→ What needs to be done: Restate word for word, and only, the lines that extend from the line containing "4500 NE 22nd" through the end of the records below.

**** Material for this exercise

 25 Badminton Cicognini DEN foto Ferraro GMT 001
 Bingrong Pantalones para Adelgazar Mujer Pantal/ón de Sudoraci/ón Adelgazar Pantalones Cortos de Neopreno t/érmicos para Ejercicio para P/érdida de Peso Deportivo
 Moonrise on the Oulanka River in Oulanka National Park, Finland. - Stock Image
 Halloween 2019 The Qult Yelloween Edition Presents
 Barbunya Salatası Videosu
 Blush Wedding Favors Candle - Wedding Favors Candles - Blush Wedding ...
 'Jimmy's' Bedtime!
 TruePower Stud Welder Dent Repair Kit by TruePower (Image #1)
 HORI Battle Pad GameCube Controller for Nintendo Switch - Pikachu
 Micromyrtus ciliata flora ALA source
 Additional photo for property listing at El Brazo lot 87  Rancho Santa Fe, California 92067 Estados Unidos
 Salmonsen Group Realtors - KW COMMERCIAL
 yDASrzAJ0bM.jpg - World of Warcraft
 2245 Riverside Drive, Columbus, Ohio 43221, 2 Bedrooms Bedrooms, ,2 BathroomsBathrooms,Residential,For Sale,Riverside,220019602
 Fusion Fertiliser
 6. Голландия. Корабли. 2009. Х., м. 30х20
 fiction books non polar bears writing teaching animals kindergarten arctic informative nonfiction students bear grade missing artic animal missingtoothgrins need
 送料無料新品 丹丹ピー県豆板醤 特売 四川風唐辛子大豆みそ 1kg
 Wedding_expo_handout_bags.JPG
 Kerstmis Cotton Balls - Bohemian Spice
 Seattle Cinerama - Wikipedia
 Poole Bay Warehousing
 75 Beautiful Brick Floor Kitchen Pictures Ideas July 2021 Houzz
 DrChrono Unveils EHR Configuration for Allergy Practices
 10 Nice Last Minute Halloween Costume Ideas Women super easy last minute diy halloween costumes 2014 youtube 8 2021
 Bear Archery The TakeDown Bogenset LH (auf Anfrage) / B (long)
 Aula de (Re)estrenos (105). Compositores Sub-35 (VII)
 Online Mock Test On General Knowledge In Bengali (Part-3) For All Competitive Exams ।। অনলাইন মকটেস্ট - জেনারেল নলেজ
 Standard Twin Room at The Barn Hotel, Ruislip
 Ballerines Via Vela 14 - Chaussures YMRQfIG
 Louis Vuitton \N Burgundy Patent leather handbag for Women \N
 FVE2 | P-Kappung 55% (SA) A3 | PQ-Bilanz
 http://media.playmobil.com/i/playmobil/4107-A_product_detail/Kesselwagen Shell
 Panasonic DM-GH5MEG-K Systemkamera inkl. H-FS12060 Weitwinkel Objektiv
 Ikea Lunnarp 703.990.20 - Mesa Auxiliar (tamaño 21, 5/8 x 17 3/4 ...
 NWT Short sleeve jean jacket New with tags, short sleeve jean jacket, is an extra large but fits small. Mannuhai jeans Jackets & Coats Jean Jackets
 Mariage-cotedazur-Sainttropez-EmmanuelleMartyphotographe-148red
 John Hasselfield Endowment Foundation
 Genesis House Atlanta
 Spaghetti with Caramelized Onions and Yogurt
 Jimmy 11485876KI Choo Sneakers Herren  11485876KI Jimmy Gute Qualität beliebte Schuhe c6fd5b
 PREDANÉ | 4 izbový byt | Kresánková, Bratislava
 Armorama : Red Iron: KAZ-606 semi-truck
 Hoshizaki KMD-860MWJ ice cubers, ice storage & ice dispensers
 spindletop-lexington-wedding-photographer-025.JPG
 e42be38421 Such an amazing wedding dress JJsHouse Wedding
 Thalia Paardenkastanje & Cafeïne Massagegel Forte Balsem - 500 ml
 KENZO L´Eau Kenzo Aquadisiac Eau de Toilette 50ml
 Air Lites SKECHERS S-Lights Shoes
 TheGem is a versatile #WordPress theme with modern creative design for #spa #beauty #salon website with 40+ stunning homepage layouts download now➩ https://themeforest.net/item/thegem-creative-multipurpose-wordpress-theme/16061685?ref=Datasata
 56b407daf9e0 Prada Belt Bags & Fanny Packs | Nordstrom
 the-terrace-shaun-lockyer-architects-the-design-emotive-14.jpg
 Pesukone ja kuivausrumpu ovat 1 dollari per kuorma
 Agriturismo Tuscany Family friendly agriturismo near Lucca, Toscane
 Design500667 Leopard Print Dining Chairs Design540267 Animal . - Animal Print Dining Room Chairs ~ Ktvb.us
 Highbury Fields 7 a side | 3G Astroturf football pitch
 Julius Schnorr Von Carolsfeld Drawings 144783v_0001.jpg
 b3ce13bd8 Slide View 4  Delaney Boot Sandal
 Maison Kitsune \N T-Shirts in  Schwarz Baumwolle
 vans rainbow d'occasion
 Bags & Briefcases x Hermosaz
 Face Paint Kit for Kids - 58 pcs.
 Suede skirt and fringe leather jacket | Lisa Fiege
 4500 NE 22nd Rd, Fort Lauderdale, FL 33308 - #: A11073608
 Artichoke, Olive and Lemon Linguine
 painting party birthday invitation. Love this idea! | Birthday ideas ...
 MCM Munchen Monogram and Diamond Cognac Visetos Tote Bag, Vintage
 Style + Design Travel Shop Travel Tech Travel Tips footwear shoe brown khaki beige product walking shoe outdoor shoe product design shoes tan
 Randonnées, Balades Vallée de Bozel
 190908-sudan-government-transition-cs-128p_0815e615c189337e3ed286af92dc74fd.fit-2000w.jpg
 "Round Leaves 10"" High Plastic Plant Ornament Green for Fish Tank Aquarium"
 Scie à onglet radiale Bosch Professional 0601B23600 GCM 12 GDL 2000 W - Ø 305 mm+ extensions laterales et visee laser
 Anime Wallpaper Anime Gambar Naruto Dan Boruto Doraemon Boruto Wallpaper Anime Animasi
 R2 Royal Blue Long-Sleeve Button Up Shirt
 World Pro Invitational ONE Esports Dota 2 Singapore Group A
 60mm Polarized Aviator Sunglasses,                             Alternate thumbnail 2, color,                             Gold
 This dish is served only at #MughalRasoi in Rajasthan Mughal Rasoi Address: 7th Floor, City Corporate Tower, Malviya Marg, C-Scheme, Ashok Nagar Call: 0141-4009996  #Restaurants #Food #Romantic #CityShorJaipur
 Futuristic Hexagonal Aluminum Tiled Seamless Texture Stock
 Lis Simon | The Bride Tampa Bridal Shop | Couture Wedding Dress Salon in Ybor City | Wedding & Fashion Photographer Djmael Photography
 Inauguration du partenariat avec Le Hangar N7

********

→ Solution for this problem:
 4500 NE 22nd Rd, Fort Lauderdale, FL 33308 - #: A11073608
 Artichoke, Olive and Lemon Linguine
 painting party birthday invitation. Love this idea! | Birthday ideas ...
 MCM Munchen Monogram and Diamond Cognac Visetos Tote Bag, Vintage
 Style + Design Travel Shop Travel Tech Travel Tips footwear shoe brown khaki beige product walking shoe outdoor shoe product design shoes tan
 Randonnées, Balades Vallée de Bozel
 190908-sudan-government-transition-cs-128p_0815e615c189337e3ed286af92dc74fd.fit-2000w.jpg
 "Round Leaves 10"" High Plastic Plant Ornament Green for Fish Tank Aquarium"
 Scie à onglet radiale Bosch Professional 0601B23600 GCM 12 GDL 2000 W - Ø 305 mm+ extensions laterales et visee laser
 Anime Wallpaper Anime Gambar Naruto Dan Boruto Doraemon Boruto Wallpaper Anime Animasi
 R2 Royal Blue Long-Sleeve Button Up Shirt
 World Pro Invitational ONE Esports Dota 2 Singapore Group A
 60mm Polarized Aviator Sunglasses,                             Alternate thumbnail 2, color,                             Gold
 This dish is served only at #MughalRasoi in Rajasthan Mughal Rasoi Address: 7th Floor, City Corporate Tower, Malviya Marg, C-Scheme, Ashok Nagar Call: 0141-4009996  #Restaurants #Food #Romantic #CityShorJaipur
 Futuristic Hexagonal Aluminum Tiled Seamless Texture Stock
 Lis Simon | The Bride Tampa Bridal Shop | Couture Wedding Dress Salon in Ybor City | Wedding & Fashion Photographer Djmael Photography
 Inauguration du partenariat avec Le Hangar N7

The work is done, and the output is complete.